# [EMERGE] question sur les [block b] [RESOLU]

## floc_12

Bonjour,

Depuis quelques temps, je rencontre des erreurs du style [blocks b     ] <blablabla. Aujourd'hui, j'en ai 3 :

 *Quote:*   

> These are the packages that would be merged, in order:
> 
> Calculating dependencies... done!
> 
> .......   blablabla   .......
> ...

 

Je comprends les erreurs "inverse" (du style >=blablabla is blocking ...) où il suffit de bloquer la nouvelle version de l'application a installer, mais je ne comprends pas trop ces erreurs.

Que faut il faire exactement dans ces cas la pour passer le problème proprement (la dernière fois, j'ai validé et je n'ai pas eu de problème). Bloquer les versions antérieures ???? Ignorer et continuer ???

Merci.Last edited by floc_12 on Thu Feb 24, 2011 9:55 pm; edited 1 time in total

----------

## netfab

Salut,

Tu n'as rien à faire.
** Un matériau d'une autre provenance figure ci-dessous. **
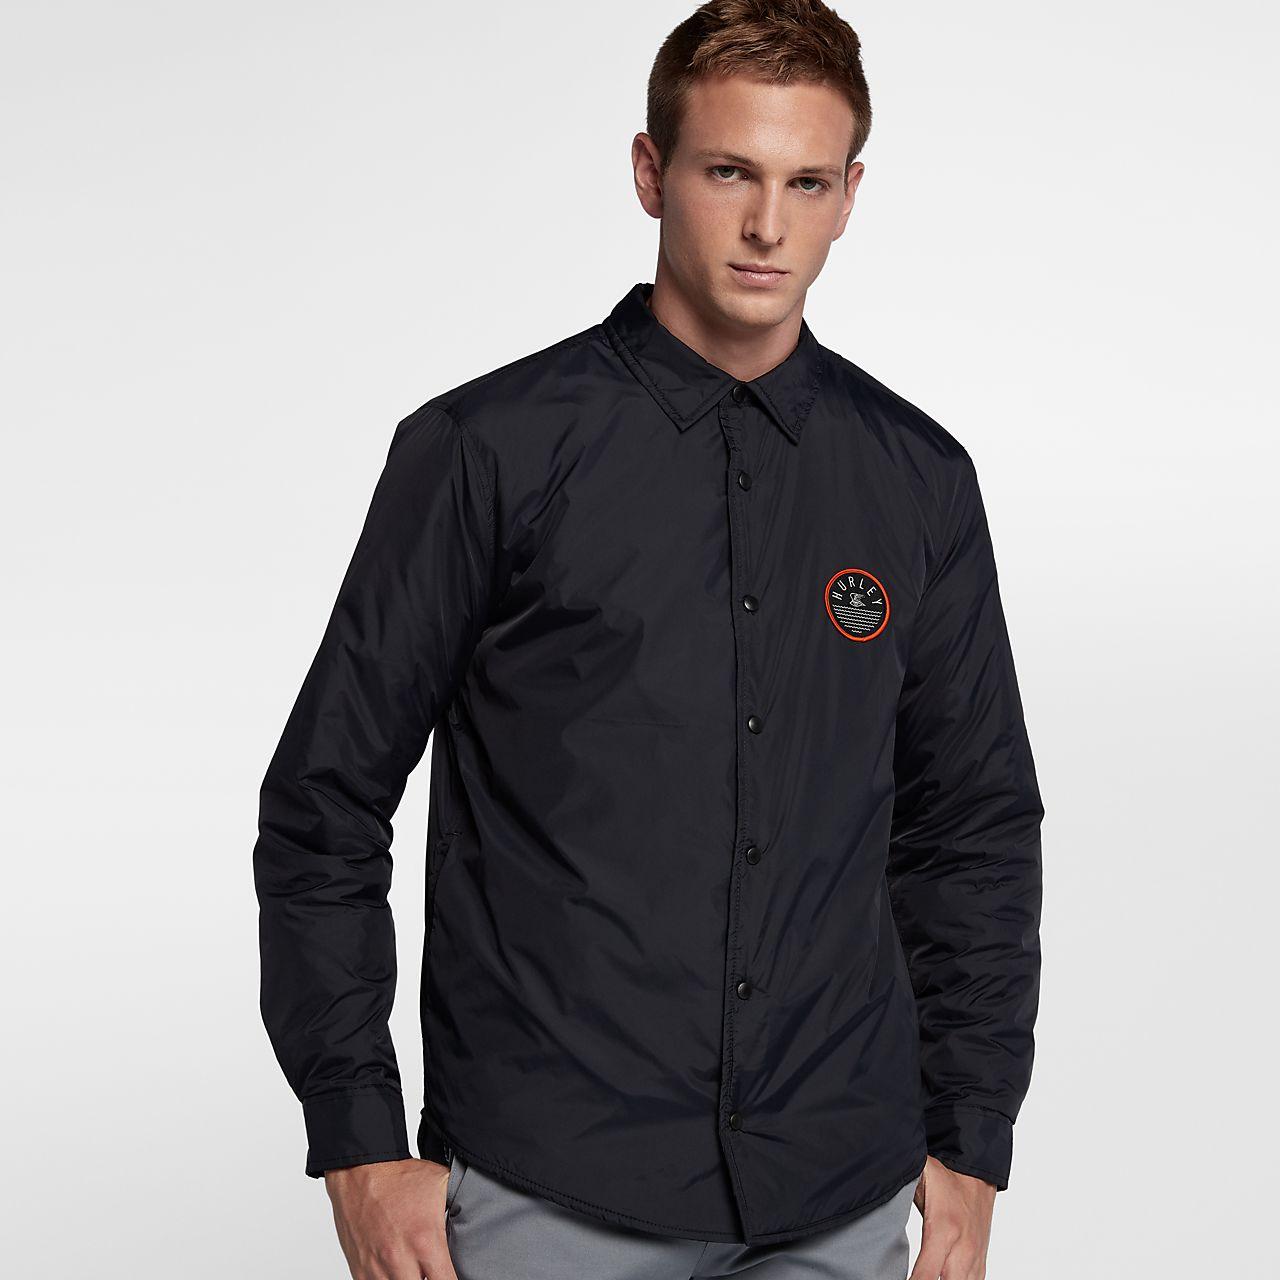 nike jackets mens jdress jacket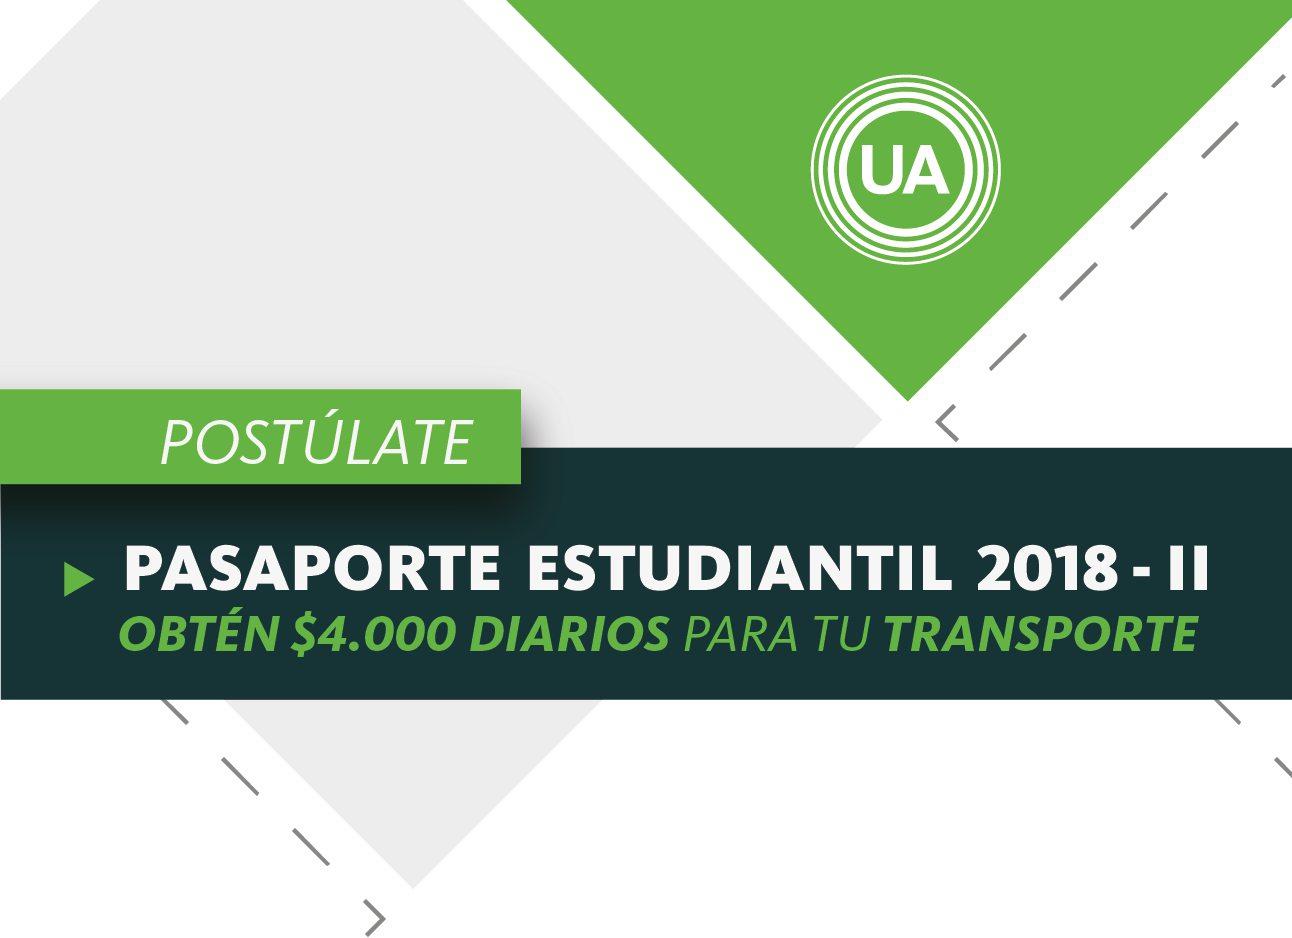 Pasaporte estudiantil 2018-II (Facatativá)

C'est pour cela que ces blocages apparaissent en bleu foncé, ils sont juste là pour t'indiquer qu'il existe un conflit entre différentes versions de 2 paquets, mais que ce conflit est automatiquement résolu par portage en upgradant et/ou désinstallant certains de ces paquets.

----------

## floc_12

ah ok, merci de ta réponse aussi rapide. Je comprends pourquoi je ne trouvais rien sur internet

Bonne soirée

----------